President Bush touted his proposals to rein in health care costs on Tuesday, portraying his election-year approach as a means to create jobs amid the Democratic clamor over disappearing jobs.

Bush also used a town-hall appearance with small business owners to put a human face on his tax cuts for the wealthiest — the area of tax policy where he differs with Democratic rival John Kerry.

In his "conversation on health care," Bush did not mention the estimated 43 million Americans who have no health coverage. He focused on business owners who struggle to provide health insurance to their workers, framing the health insurance issue primarily as one that affects unemployment.

"What we're interested in is a market working so people can hire people, that's what we want," Bush said. "That's the public policy ramification of good health care insurance."

The president surrounded himself with five small business owners, the latest in a series of "conversations" choreographed by the White House to provide a person-on-the-street echo for Bush's policies. Tuesday's event was hosted by the U.S. Chamber of Commerce (search), a group traditionally friendly to Republicans.

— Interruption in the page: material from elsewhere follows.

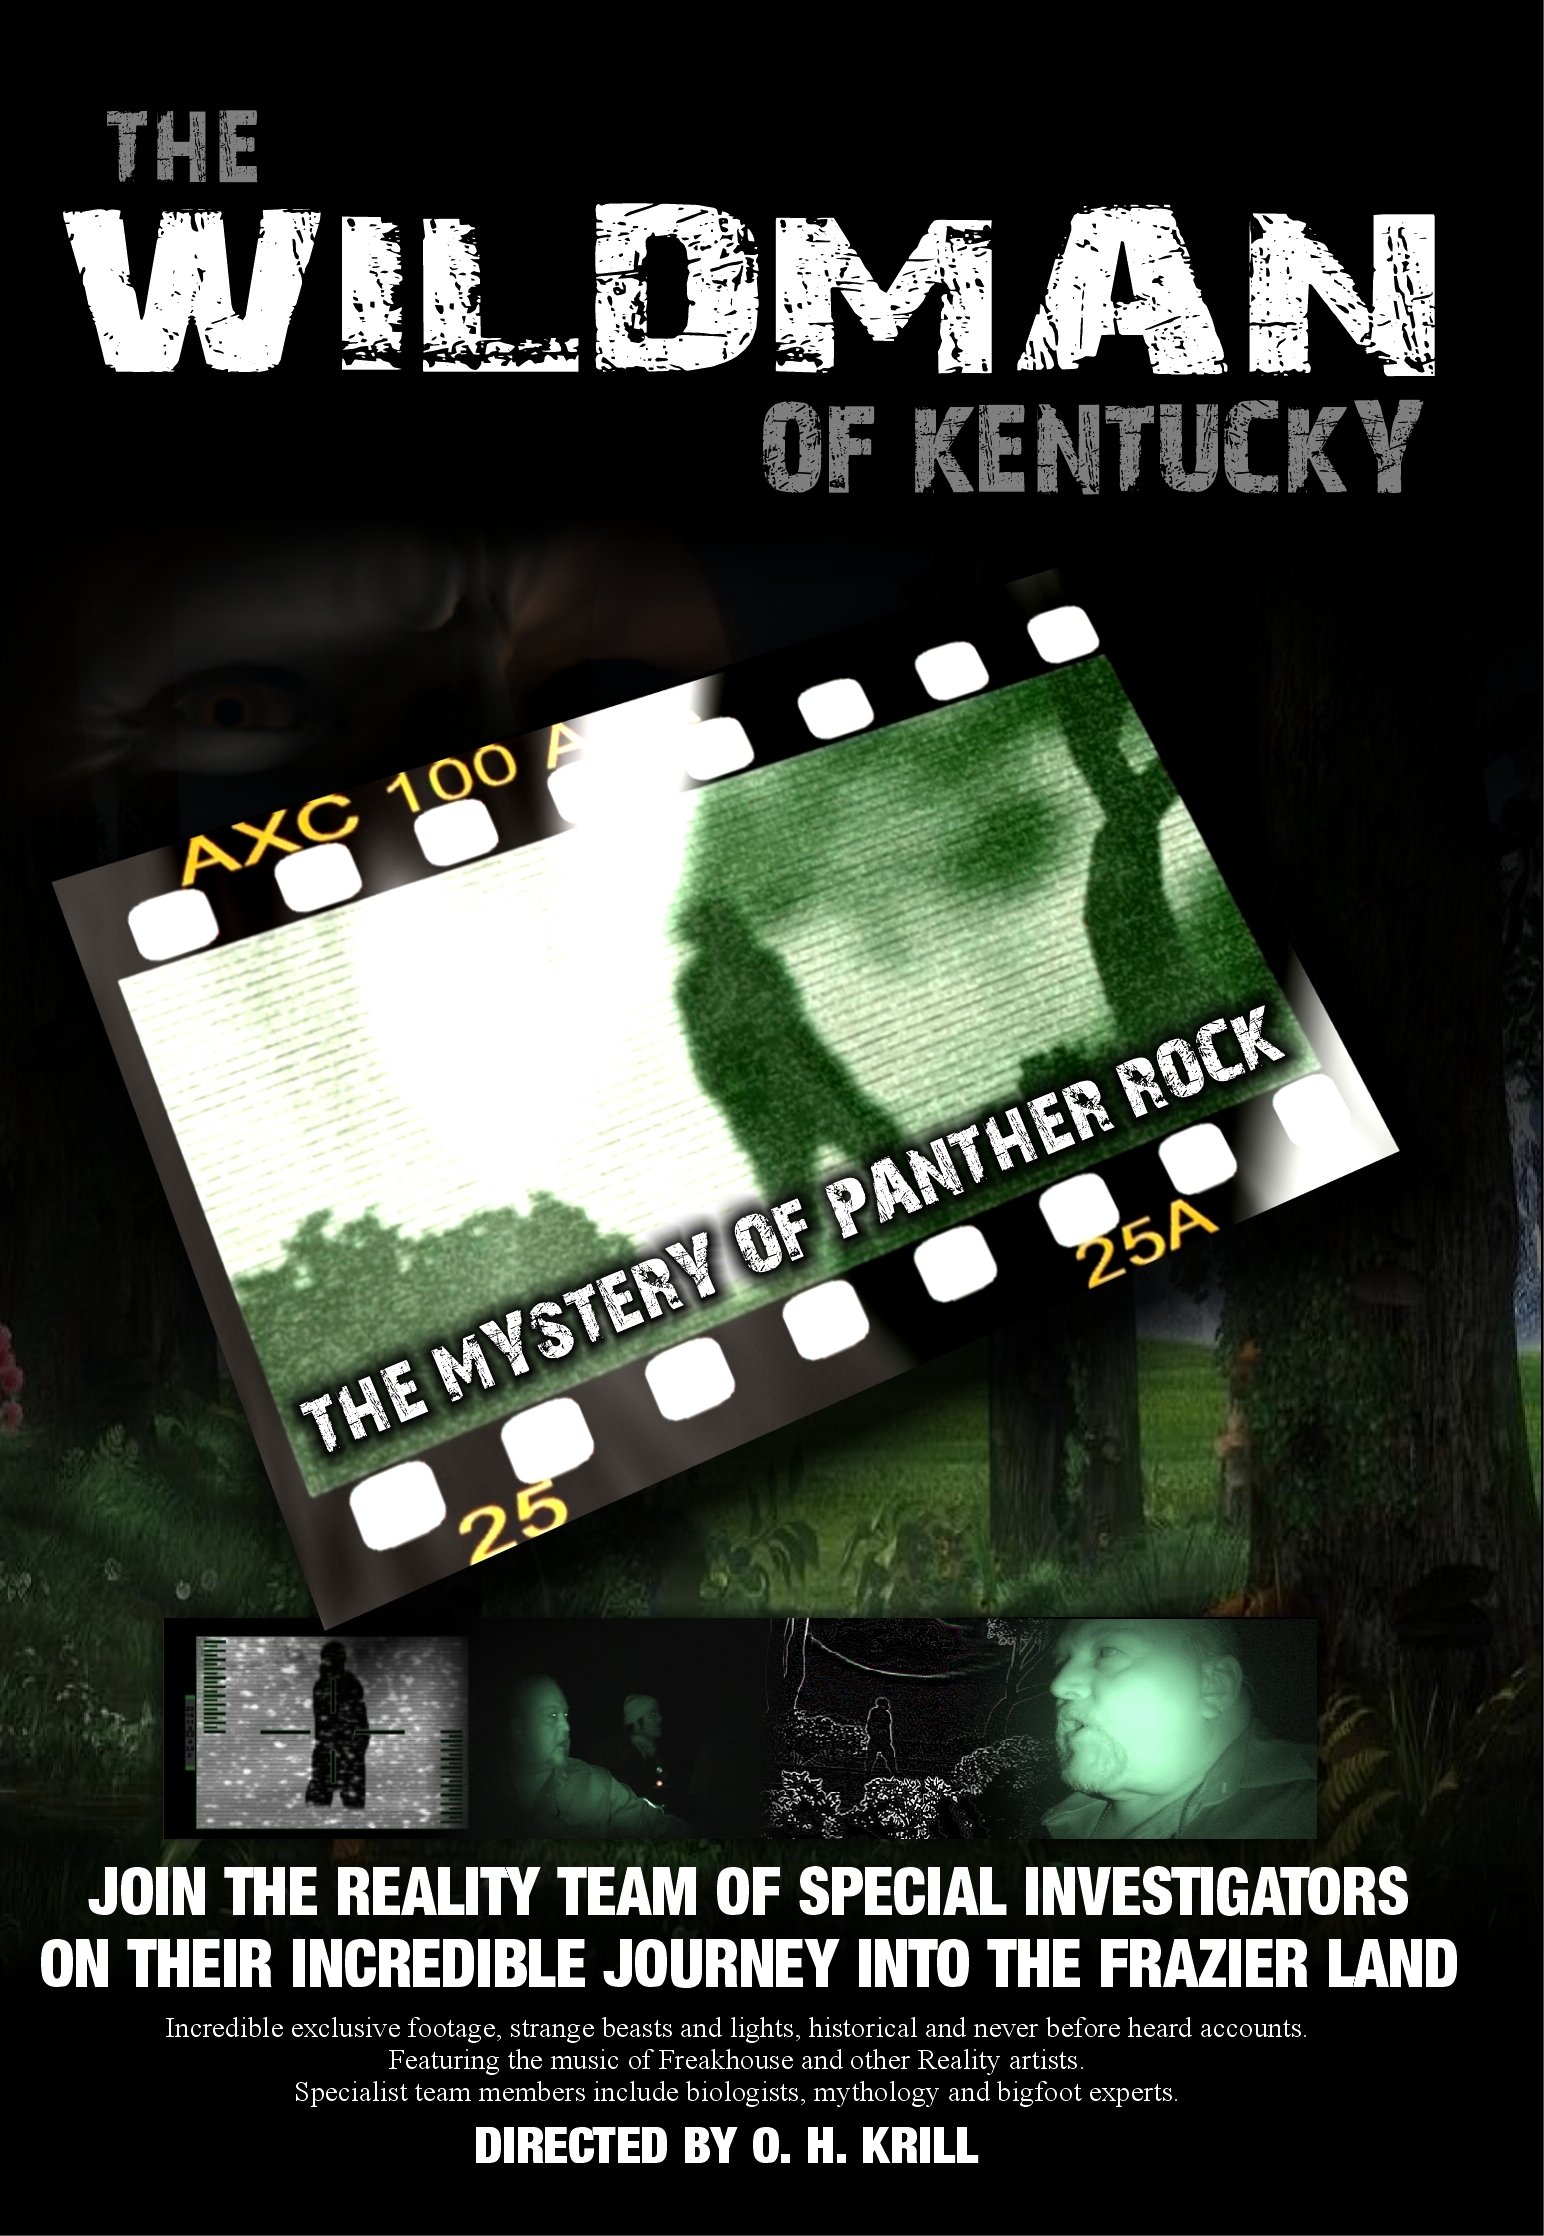 Philip Gardiner, O.H. Krill, Philip Spencer and Matt Clark in The Wildman of Kentucky: The Mystery of Panther Rock (2008)

Each of the five described the difficulties in providing health coverage to workers, and then praised various ideas Bush has promoted for lowering the costs of health care.

"I have been a big advocate of the associated health plans," said Patty Orzano, the owner of a Seven-Eleven franchise in Massapequa, N.Y. "I implore you, Mr. President, to bang heads of those people in the Senate" to approve the plans, which allow small businesses to band together and negotiate better health-insurance rates.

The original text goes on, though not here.